My experiences

This section is just a way of including all the stuff I learn in little bits and pieces and then forget. Sometimes I feel I'm redoing things (many times). Hopefully this section will collect things so then I can come back here and say 'Oh, that's how I did that'. Most of the time I have a little problem or a question then I google it, fix it and then forget about it. I should be better at bookmarking or tagging. Here I will include more general stuff.


Profiling code

Profiling consists of a dynamic analysis of you program, which is usually useful to learn in which functions or subroutines the program is spending more time or how memory is allocated. Usually, it is not a good idea to worry about this until you program does what is intended to do. I have used Shark in OS X to profile code and it is extremeley good and easy to use. Launch Shark, start it, run your application, stop Shark and get the results. I don't remember now but I think it does not come installed by default and it might need to be installed from the DVD.

In Linux gprof has been used, but I haven't tried it yet and I'm using oprofile instead. In Ubnutu, it seems that the samples folder got placed in /home/user/ so to get it to work you need to specify the folder for the report (opreport --session-dir=/home/user). In addition, in a virtual machine (I'm running Fedora) some modifications are needed .


The first time I saw Windows running on a Mac was sometime in early 2007. This was done using Parallels and it was cool to see the desktop rotating like a cube when switching between OSs. At the time I was dual-booting Windows and Ubuntu on my laptop (Toshiba P15-s409) and it was always a pain every time I wanted to use Windows. I decided to get a Mac when the Toshiba's hard drive died. Although it was fixable, the laptop had three big drawbacks: 1) poor battery life, probably less than two hours, 2) frequently overheated and 3) it was rather heavy ~8lbs. However, it is still pretty powerful and snappy with 2.8 GHz and over 1GB of RAM it runs Ubuntu 9.04 like a champ.

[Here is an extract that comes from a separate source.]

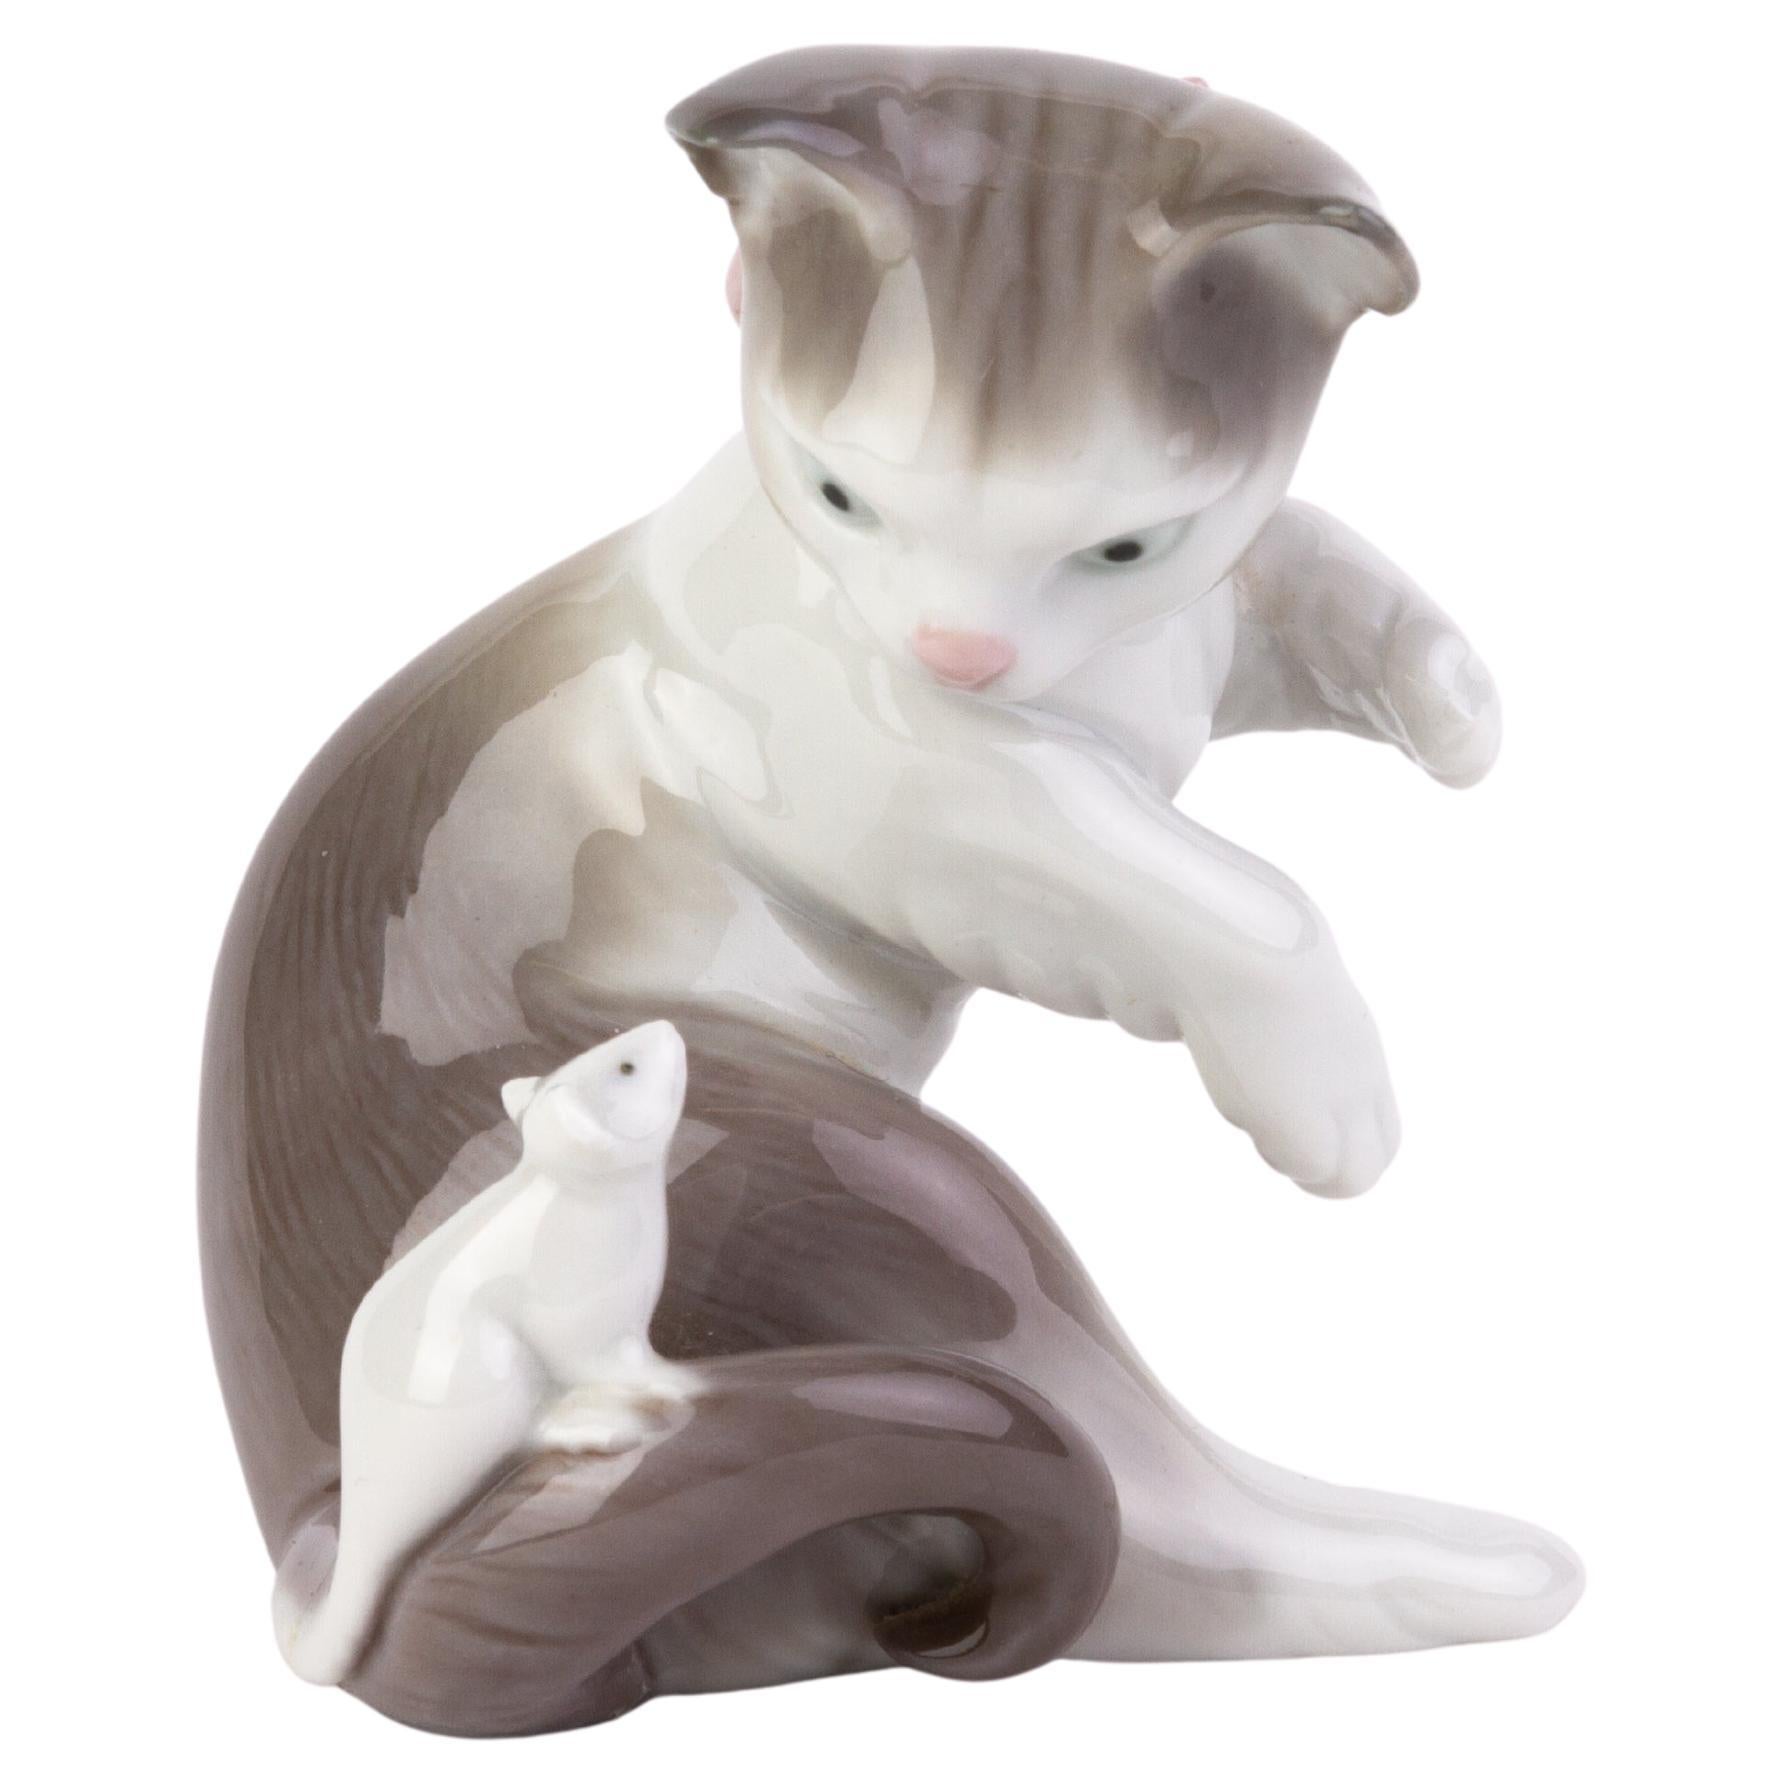 Lladro Fine Porcelain Sculpture Figure "Cat and Mouse" 5236

Now on the Mac I have VMware Fusion which allows me to run Windows XP when needed. I replaced the hard drive on the Toshiba and now run Windows XP under VirtualBox which is pretty cool. I also run other Ubuntu box as a remote desktop on these images.



Overall, virtualization is pretty cool. I was going to try Windows 7 today (as a virtual machine) until I found out that it requires 1GB of RAM and I it is probably a hog like Vista despite what some say.

Mac and the dark side

About 10 days ago my good old toshiba p15-409 started having problems. Serious problems. I would try to open an application and and it would take like 30 seconds while the hard drive showed close to 100% activity. This was a bad sign. Surely enough, two days later I get a smart check saying I should back up everything since there was an imminent hard disk failure. I resolved not to fix it (yet) but to buy a new laptop. Unfortunately I feel there are very few options. Nowadays most laptops come with Vista and I hear all this horror stories of trying to 'upgrade' to XP. On the other hand, I don't use Windows if I have a choice although it is sometimes useful to have a Windows box handy. For example, uploading videos from picasa can only be done using Windows (at the moment). Alternatively, I could get a laptop from System76 running Ubuntu, but their options did not fully convinced me.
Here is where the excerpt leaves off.